I'm also considering this car next year.  Maxol garage 2 mins down the road and the car actually runs better on biofuel (usually the other way around for most biofuel cars).  I can't believe they are basing the emissions on petrol.  What kind of incentive is that!  Clearly the governments idea of meeting our CO2 emission targets is to have everyone driving diesel.  We may have less CO2 but we'll all be going around wearing masks and goggles!


----------



## Butter (6 Dec 2007)

OtherMe said:


> I'm also considering this car next year. Maxol garage 2 mins down the road and the car actually runs better on biofuel (usually the other way around for most biofuel cars). I can't believe they are basing the emissions on petrol. What kind of incentive is that! Clearly the governments idea of meeting our CO2 emission targets is to have everyone driving diesel. We may have less CO2 but we'll all be going around wearing masks and goggles!


 
Agreed - I think that using the "green" argument for these changes is pure laughable.  There doesn't look to be any encouragement for driving cars which can run on biofuel.  As for company car BIK - the situation is just crazy as it encourages more driving.  Is there anybody sensible in the government looking at these issues?  I really thought having John Gormley as Environment Minister might make a difference but it doesn't seem to have changed a thing.


----------



## RSMike (6 Dec 2007)

amadan said:


> "Vehicle Registration Tax is applied ad valorem which means it is applied on a value which includes the tax itself"

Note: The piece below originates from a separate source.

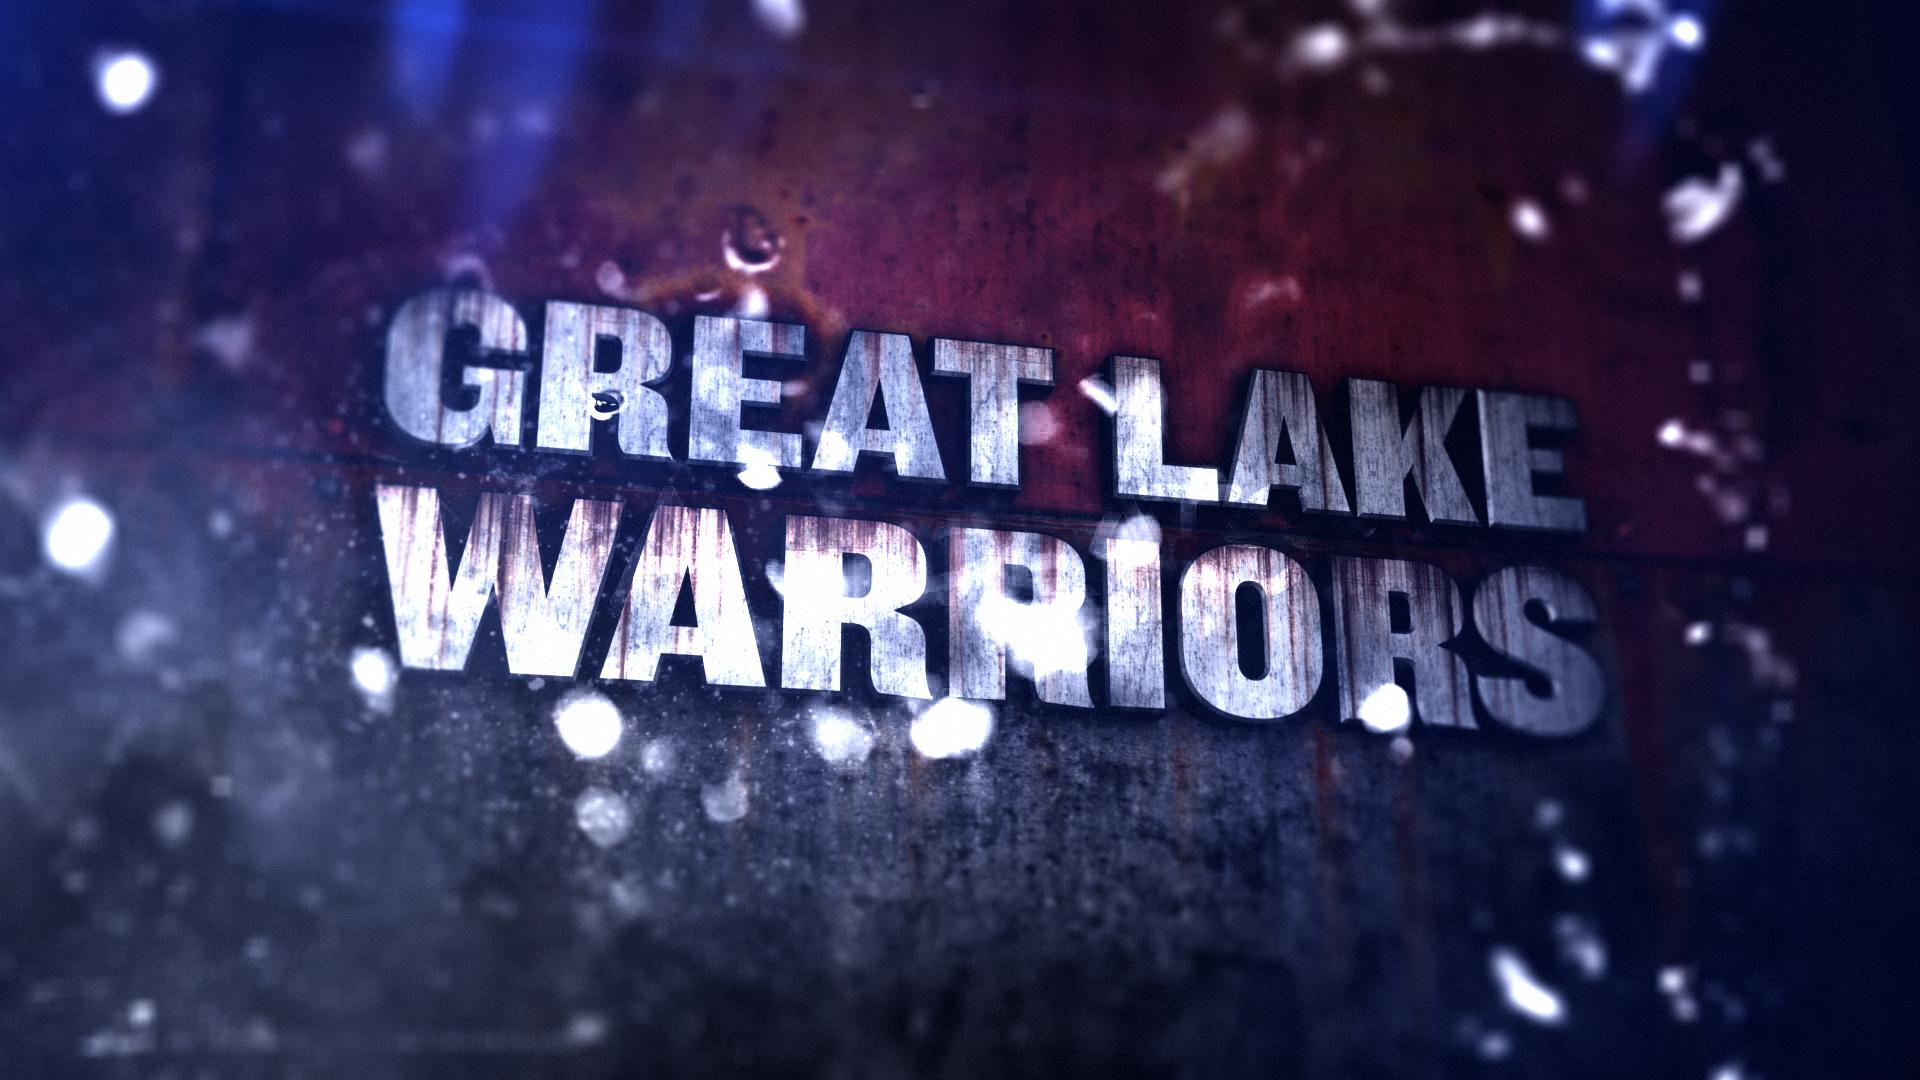 GLW_Logo_Test_01_01c.jpg

Bloody Hell, thanks Amadan,  (Alan Moore pointed out my error also), so VRT is even worse than I suspected.

But not sure the new figure is correct either as the new VRT rate I reckon for a Car with a 139 CO2 figure is 16%?


----------



## paddyd (6 Dec 2007)

Marg said:


> Agreed - I think that using the "green" argument for these changes is pure laughable.  There doesn't look to be any encouragement for driving cars which can run on biofuel.



it wouldn't make people change to Biofuel necessarily, but it would certainly make them check what their engines CO2 emissions are.
Not meaning to sound like a tree-hugger, but I guess the government are looking to increase awareness. I don't have a clue what CO2 my engine emits, but I'll certainly know before the end of today.

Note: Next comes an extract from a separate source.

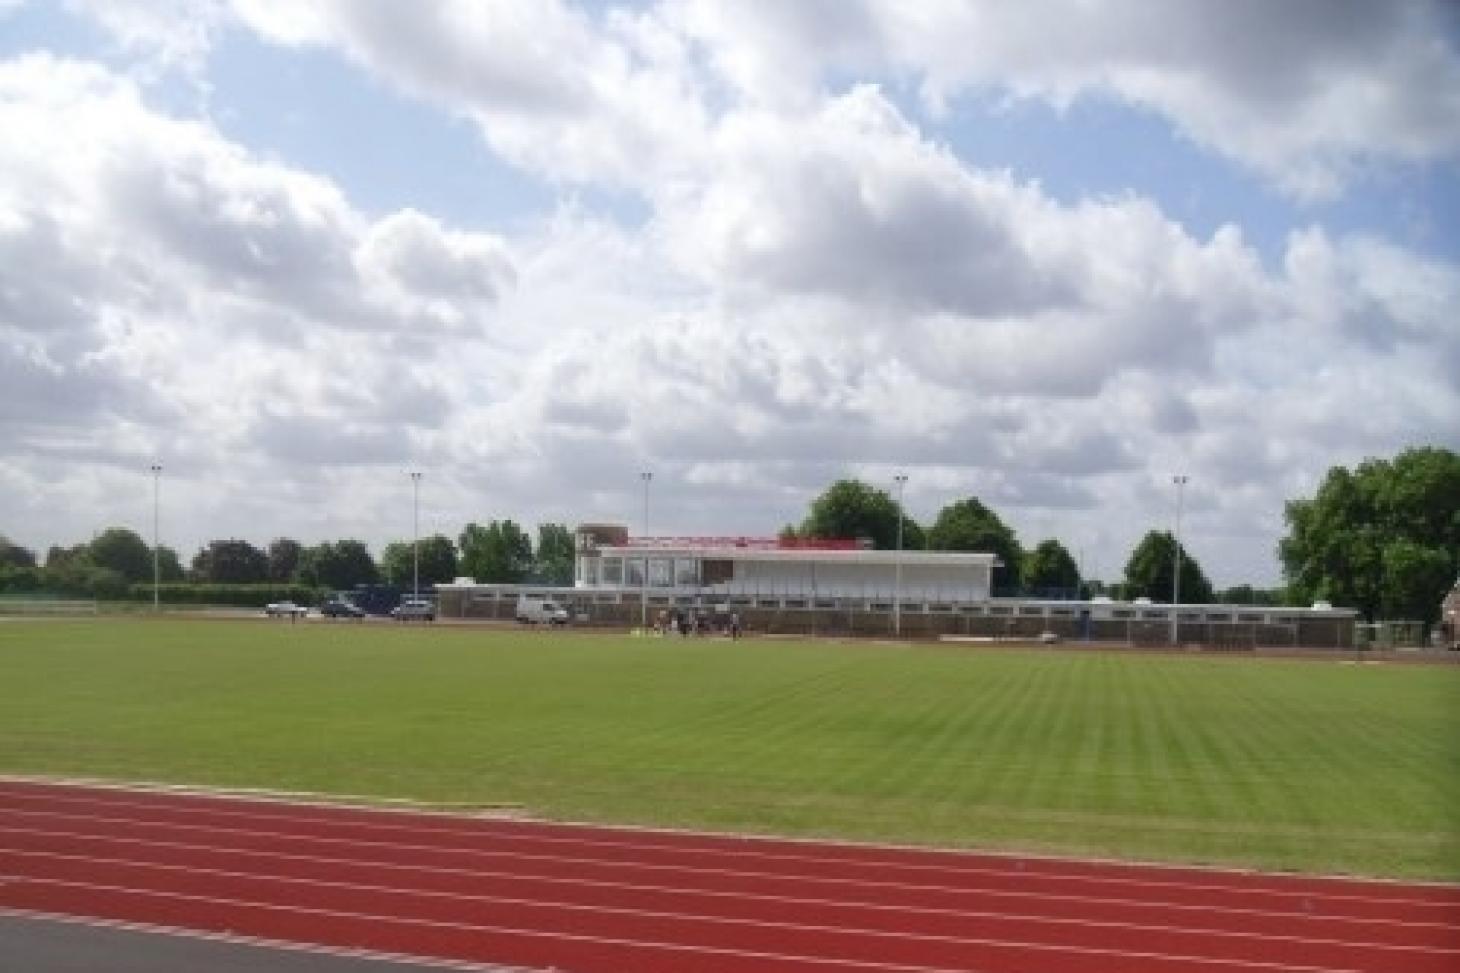 Queen Elizabeth Stadium Enfield 11 a side | Grass football pitch

The VRT and Road Tax changes will make diesels very popular.

For example, an Audi A3 1.8T is now over 225g, so is liable for €2k pa road tax in the higher band!
same story with a Mazda RX8 (268g/Km)

Whereas, on the other hand:
a BMW 320d is now in the same band as a 1.2 Micra or 1.4 Ford, €290 pa.


----------



## Butter (6 Dec 2007)

Hi Paddy, That example is very interesting. Looks like sales of diesel cars will be going up enormously next year.


----------



## RSMike (6 Dec 2007)

paddyd said:


> For example, an Audi A3 1.8T is now over 225g, so is liable for €2k pa road tax in the higher band!
> same story with a Mazda RX8 (268g/Km)
> 
> Whereas, on the other hand:
> a BMW 320d is now in the same band as a 1.2 Micra or 1.4 Ford, €290 pa.



I thought there was juat a flat 9.5% increase on road tax up to 2.5 litres, so the Audi 1.8 (assuming its the usual 1798cc or something like that) would be €576 pa and the 320D would be €641 pa ??


----------



## cashmni1 (6 Dec 2007)

No one in their right mind will pay €2000  road tax for a 1.8 ltr car. Bad co2 or not. The Automotive industry would be up in arms, and they would loose too much money on the sale of new cars. Everyone would buy older (pre '08) cars .


----------



## amadan (6 Dec 2007)

RSMike said:


> Bloody Hell, thanks Amadan, (Alan Moore pointed out my error also), so VRT is even worse than I suspected.
> 
> But not sure the new figure is correct either as the new VRT rate I reckon for a Car with a 139 CO2 figure is 16%?


 
RSMike, 
you're correct -16% is the rate so the new purchase price would be €26964.29.
I've made up a simple spreadsheet to calculate the new purchase price for a car - just enter the old and new VRT rates which apply for the car in question and the current purchase price. You can download it from link below - file is tiny so should only take seconds.

Link: http://download.yousendit.com/8836740E25BA0AD1


----------



## RSMike (6 Dec 2007)

Amadan, Thats excellent, very useful, thanks,


----------



## gInvestor (7 Dec 2007)

amadan said:


> RSMike,
> Your calculations have an error in how VRT is applied. I was not sure myself so I checked the SIMI website at
> [broken link removed]
> The critical line here is that
> ...



Thanks for the link. I have just noticed that the VRT payable on my car has dropped to 24%. 

BMW 320i Convertible has CO2 (g/km) of 161 according to 

This had a VRT cost of 30% which has now fallen to 24%. Since this is not coming in until next June - would there be a case to make when paying the VRT on the vechile now ?


----------



## paddyd (8 Dec 2007)

RSMike said:


> I thought there was juat a flat 9.5% increase on road tax up to 2.5 litres, so the Audi 1.8 (assuming its the usual 1798cc or something like that) would be €576 pa and the 320D would be €641 pa ??



Thats correct for 2nd hand cars, but not for new ones.

It will be interesting to see if this change makes any difference to the car sales in July.
A (VW) carsales friend says that they sell 85% of their new cars for the entire year before June 1st each year.

I imagine a lot of diesel sales, especially fleet cars (Mondeo's, S40's, 407's, etc) wil be put off until July if the tax was dropping from the old €600 band, into the new €290 band.

Also remember that if you are purchasing one of those diesels 2nd hand in a year or two, a Jan-Jun '08 car will still cost €600 to tax, and the one registered in July onwards will only cost €290.


----------



## upport (8 Dec 2007)

Yes paddyd and the person that buys new low emission car Jan- June in 2008 will pay higher tax each year going forward and will suffer most on trade in values because his car s/h will have to compete with same type low emission cars  that have lower tax every year because they were registered from July 2008.
This is outrageous and should not be implemented unless all low emission cars are treated equally.


----------



## nad (8 Dec 2007)

Hi just wondering if there is an irish site which lists the co2 emissions of new and old vehicles?


----------